# Need advice with bent handlebars



## Nick-theCut (May 18, 2012)

Hi guys.  Anyone have advice for me.  My rusty 1935 crossbrace handle bars are just slightly bent.  Possibly took a impact to the right side.  The right handle is bent back 6-10 degrees inward.
I don't have a vice to clamp it down and hit /with a mallet.  What should I do?  Or, who or what type of person could straighten my bars out? Appreciate anyones thoughts, thanks.  -  Nick


----------



## Andrew Gorman (May 19, 2012)

Get a vise! Here is a useful gadget-
http://books.google.com/books?id=-2HVAAAAMAAJ&dq=bicycle repairing&pg=PA115#v=onepage&q&f=false


----------



## prewar (May 20, 2012)

*Bars*

Find a friend with a large vise, and stable workbench. Are the crossbars removable? I've cold bent bars with removeable crossbars with a long pipe 3 ft + slipped over the end of the bars.  Measure what you have to start with before you start bending. This way you can measure your progress. Work slowly.


----------



## Nick-theCut (May 20, 2012)

That's good advice, thanks.  I wish I had my own workbench/vise setup.  I'll check my buddy list 

What type of business typically has a shop vise available?


----------



## prewar (May 21, 2012)

*bending bars*

This may sound weird but if you have any friends that have High School students , some of the schools have auto shop class. May be able to go in to bend the bars. Muffler shops.  Venice High has an adult auto shop class for night time adult students. It's great you have access to all types of equipment.


----------



## MagicRat (May 21, 2012)

I can only recomend trying to re-bend them yourself.

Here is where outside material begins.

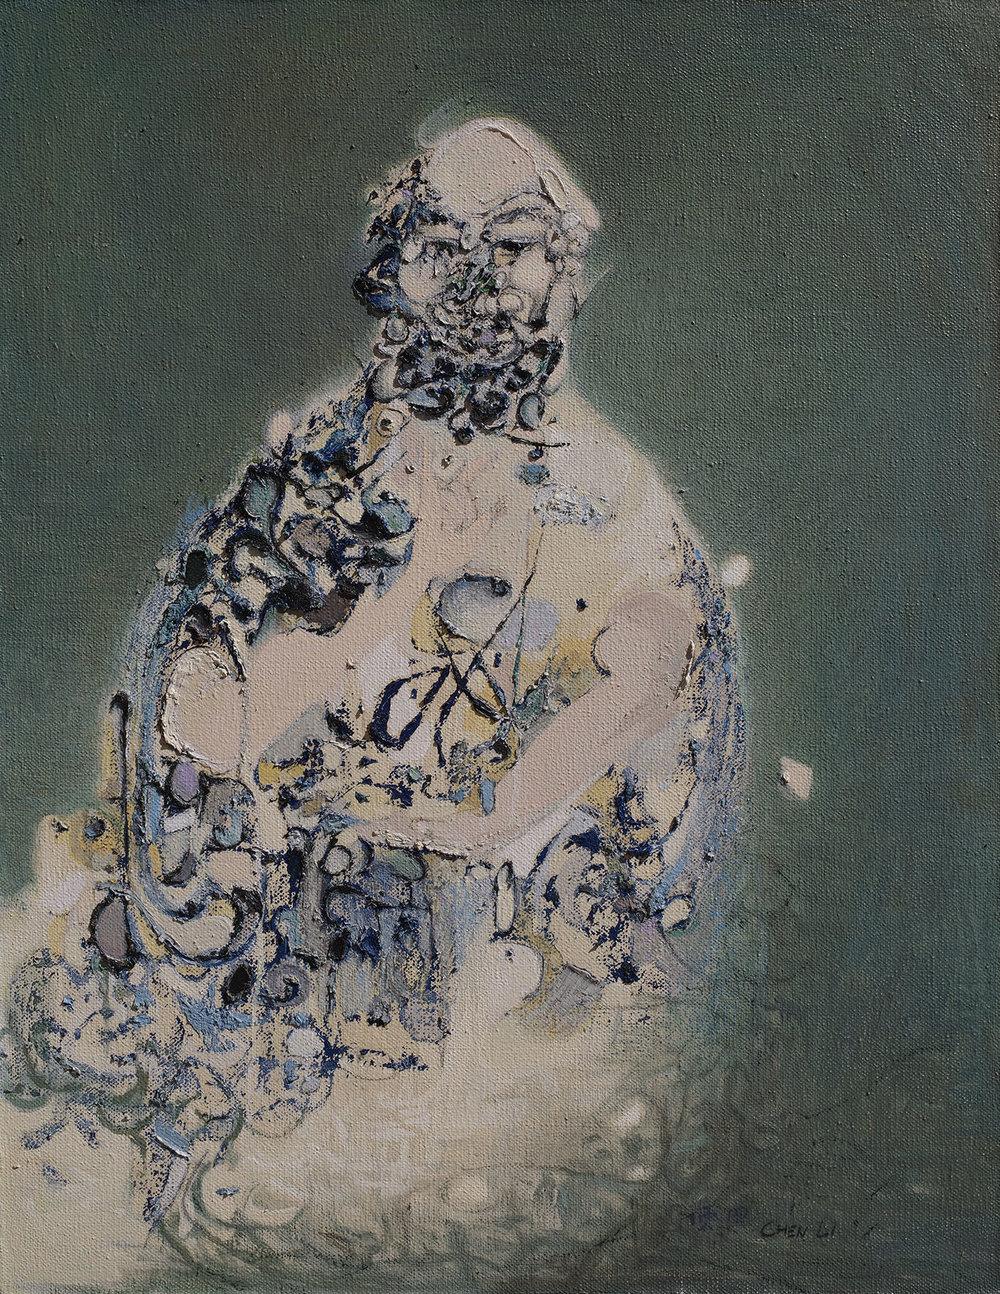 Seated Human Buddha II

If somebody else breaks it...you will hate them for the rest of your life.

(ask me how I know)


----------



## Nick-theCut (May 21, 2012)

Haha, sounds like an interesting life experiance.  I think I got the info I was looking for... Tell us.  How did you end up hating someone for life MagicHat?


----------



## MagicRat (May 22, 2012)

If I posted the story...You would hate him too.


----------



## Nick-theCut (May 22, 2012)

haha.  Good job at not spreading the negativity.  Take care all.  -  Nick


----------



## bricycle (May 22, 2012)

Maybe you could get by with putting under a cars tire. Tire won't crush bar, but should be heavy enough to hold to bend....Unless you have a Ford Smart Car...lol!


----------



## Nick-theCut (May 22, 2012)

This may be a genius idea Brian.  Way to think creatively.


----------